#### AIM OF THE EXERCISE
Write out exactly the lines below from the one containing "Opbergkasten Garage Ikea" to the last, both ends kept, and nothing more; skip all pictures.

#### DATASET EXCERPT
▬▬▬▬▬▬▬▬▬▬

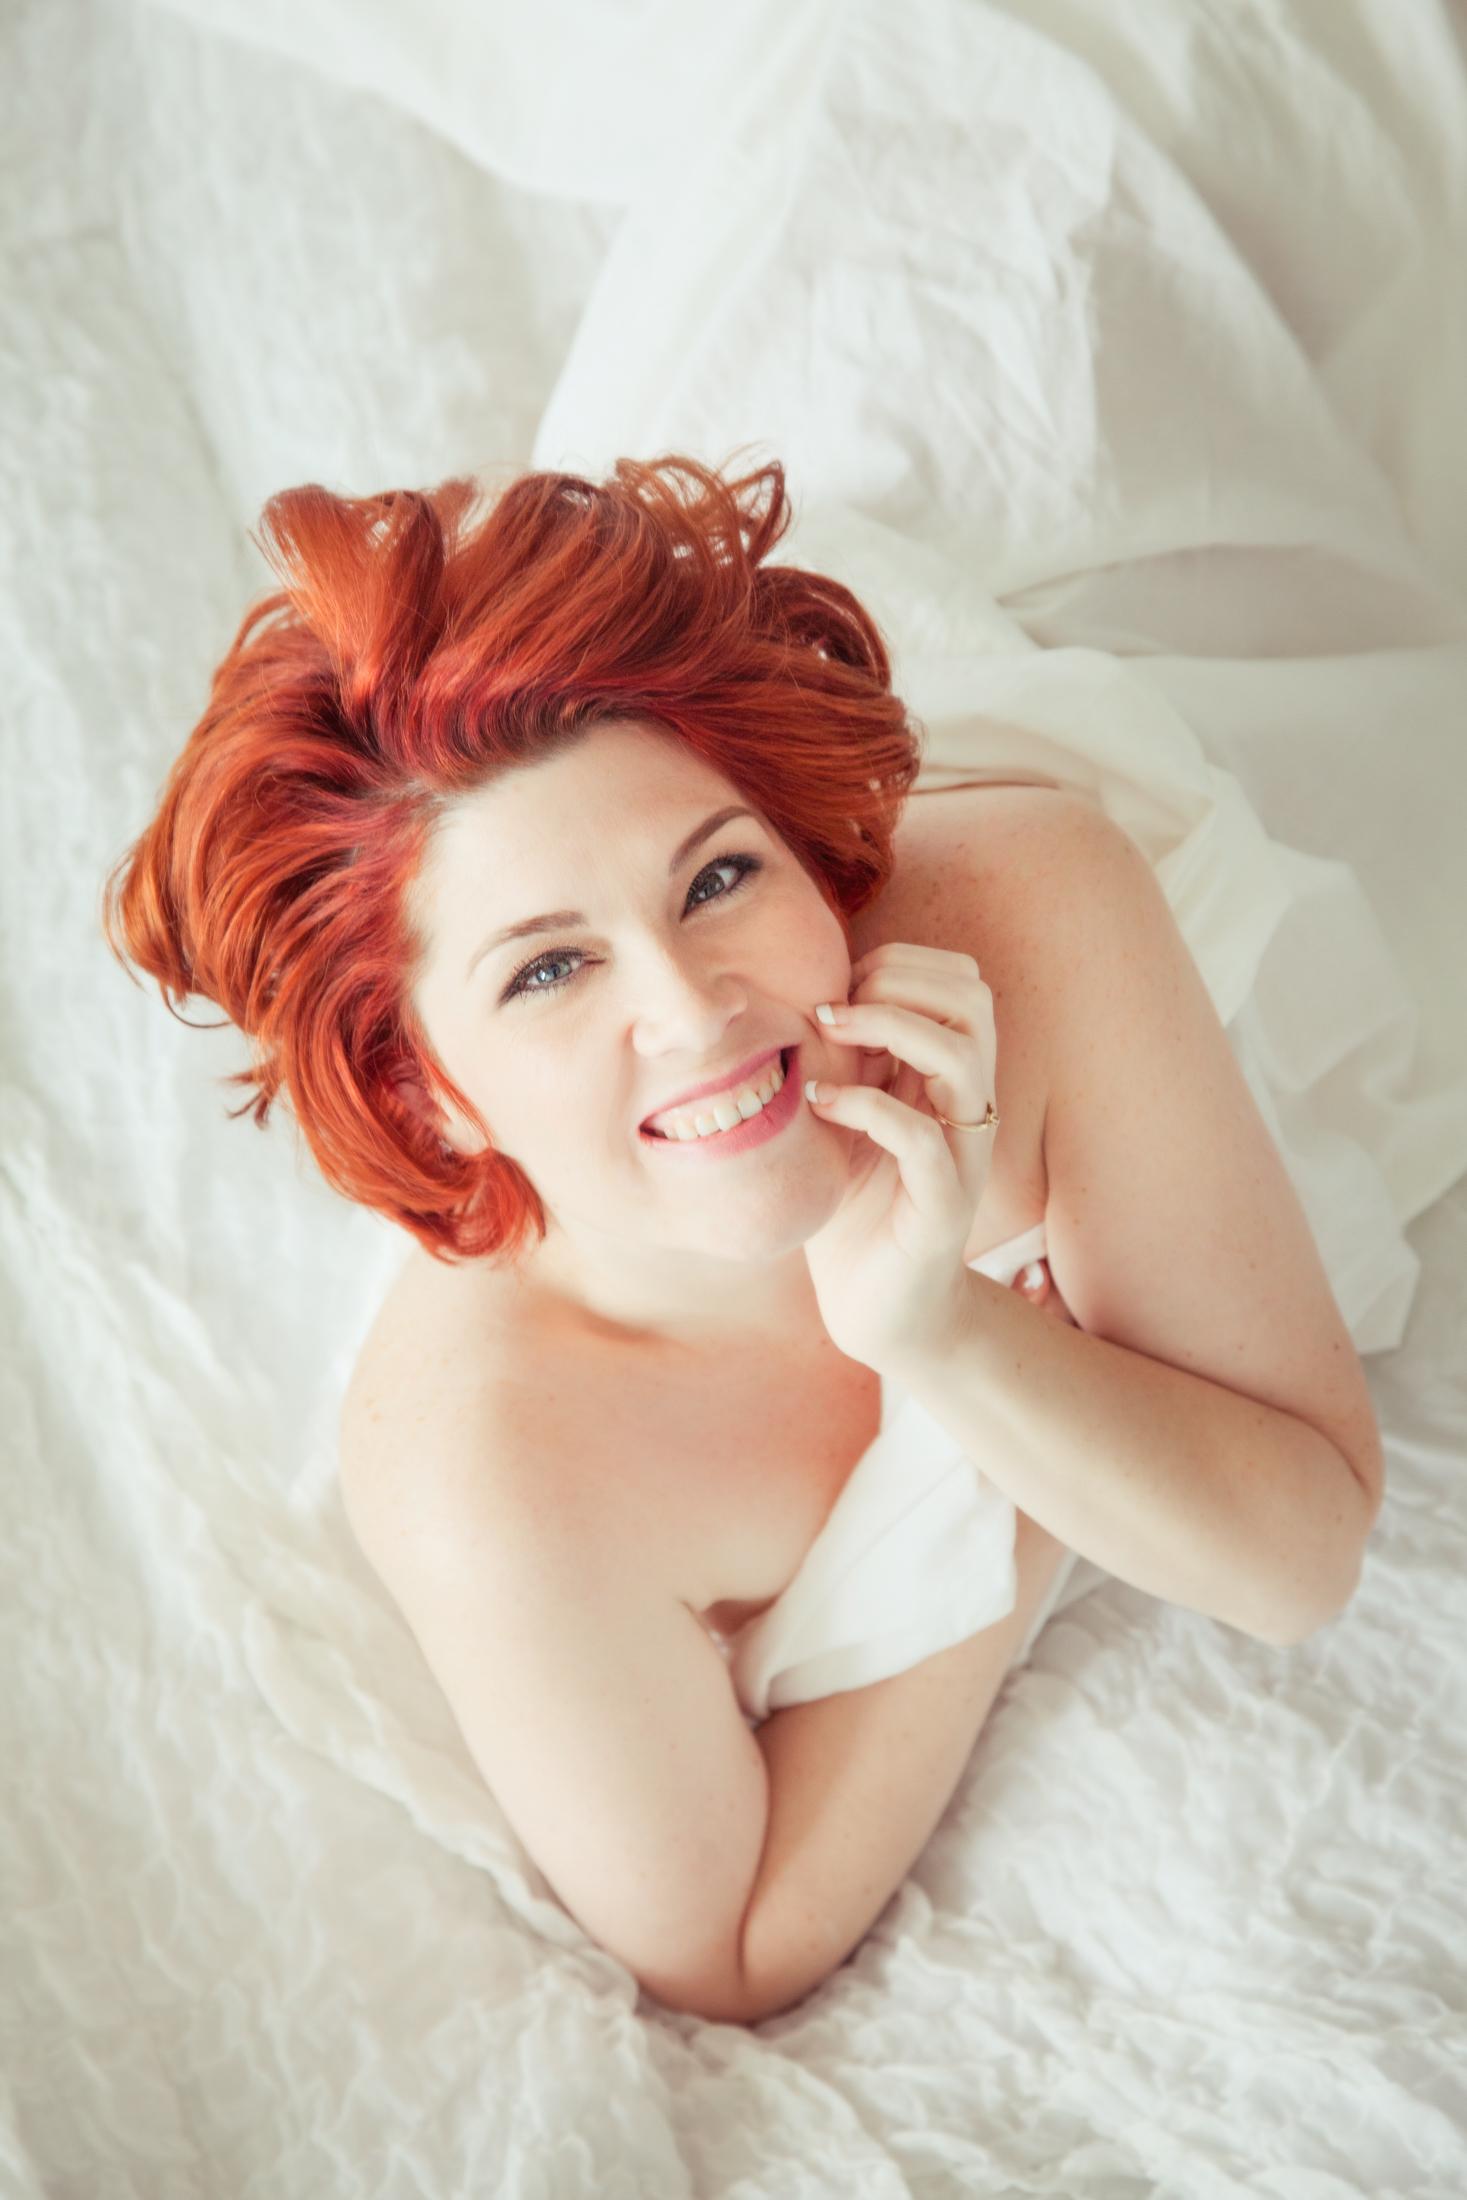 Becky-Marilyn Monroe 040-3.jpg
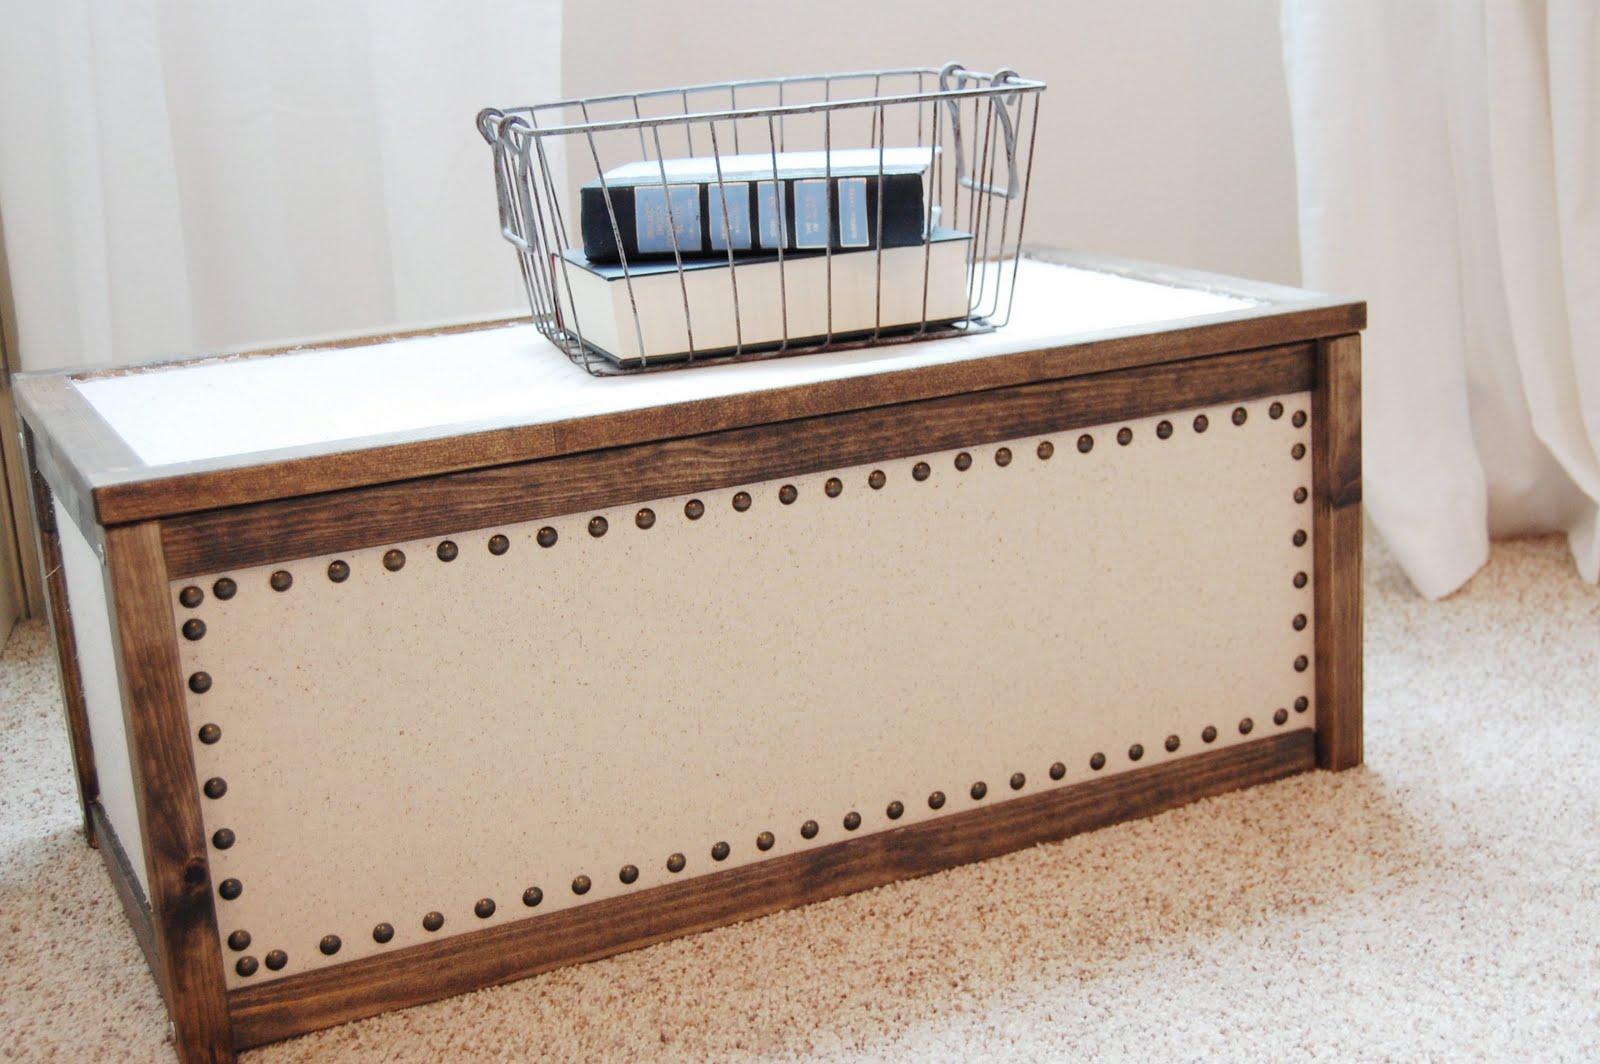 Opbergkasten Garage Ikea : Ikea toy storage box listitdallas
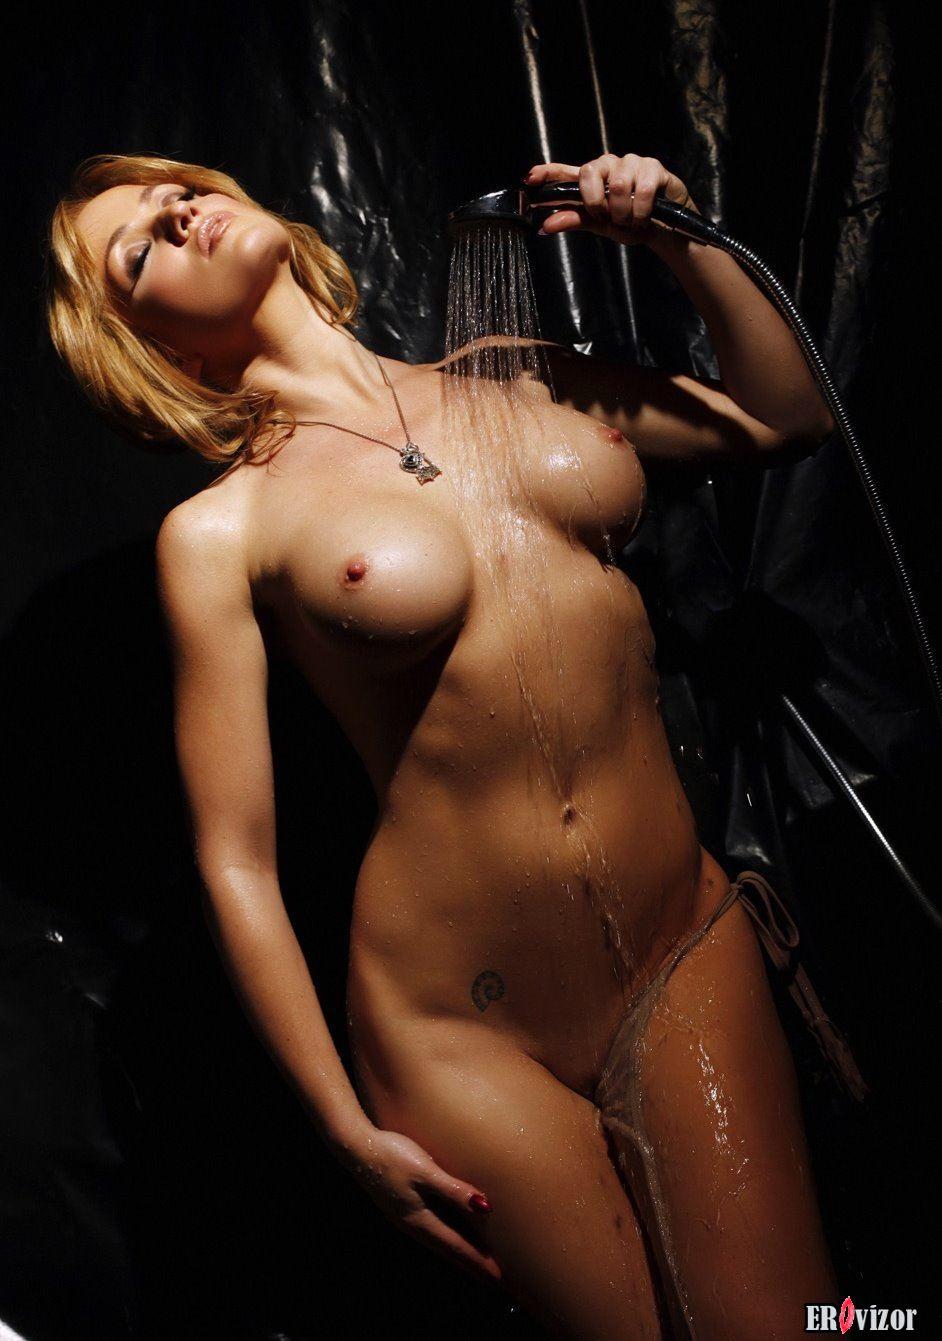 эротические фото, красивые девушки 15

▬▬▬▬▬▬▬▬▬▬

#### RESULT OF THE TASK
 Opbergkasten Garage Ikea : Ikea toy storage box listitdallas
 эротические фото, красивые девушки 15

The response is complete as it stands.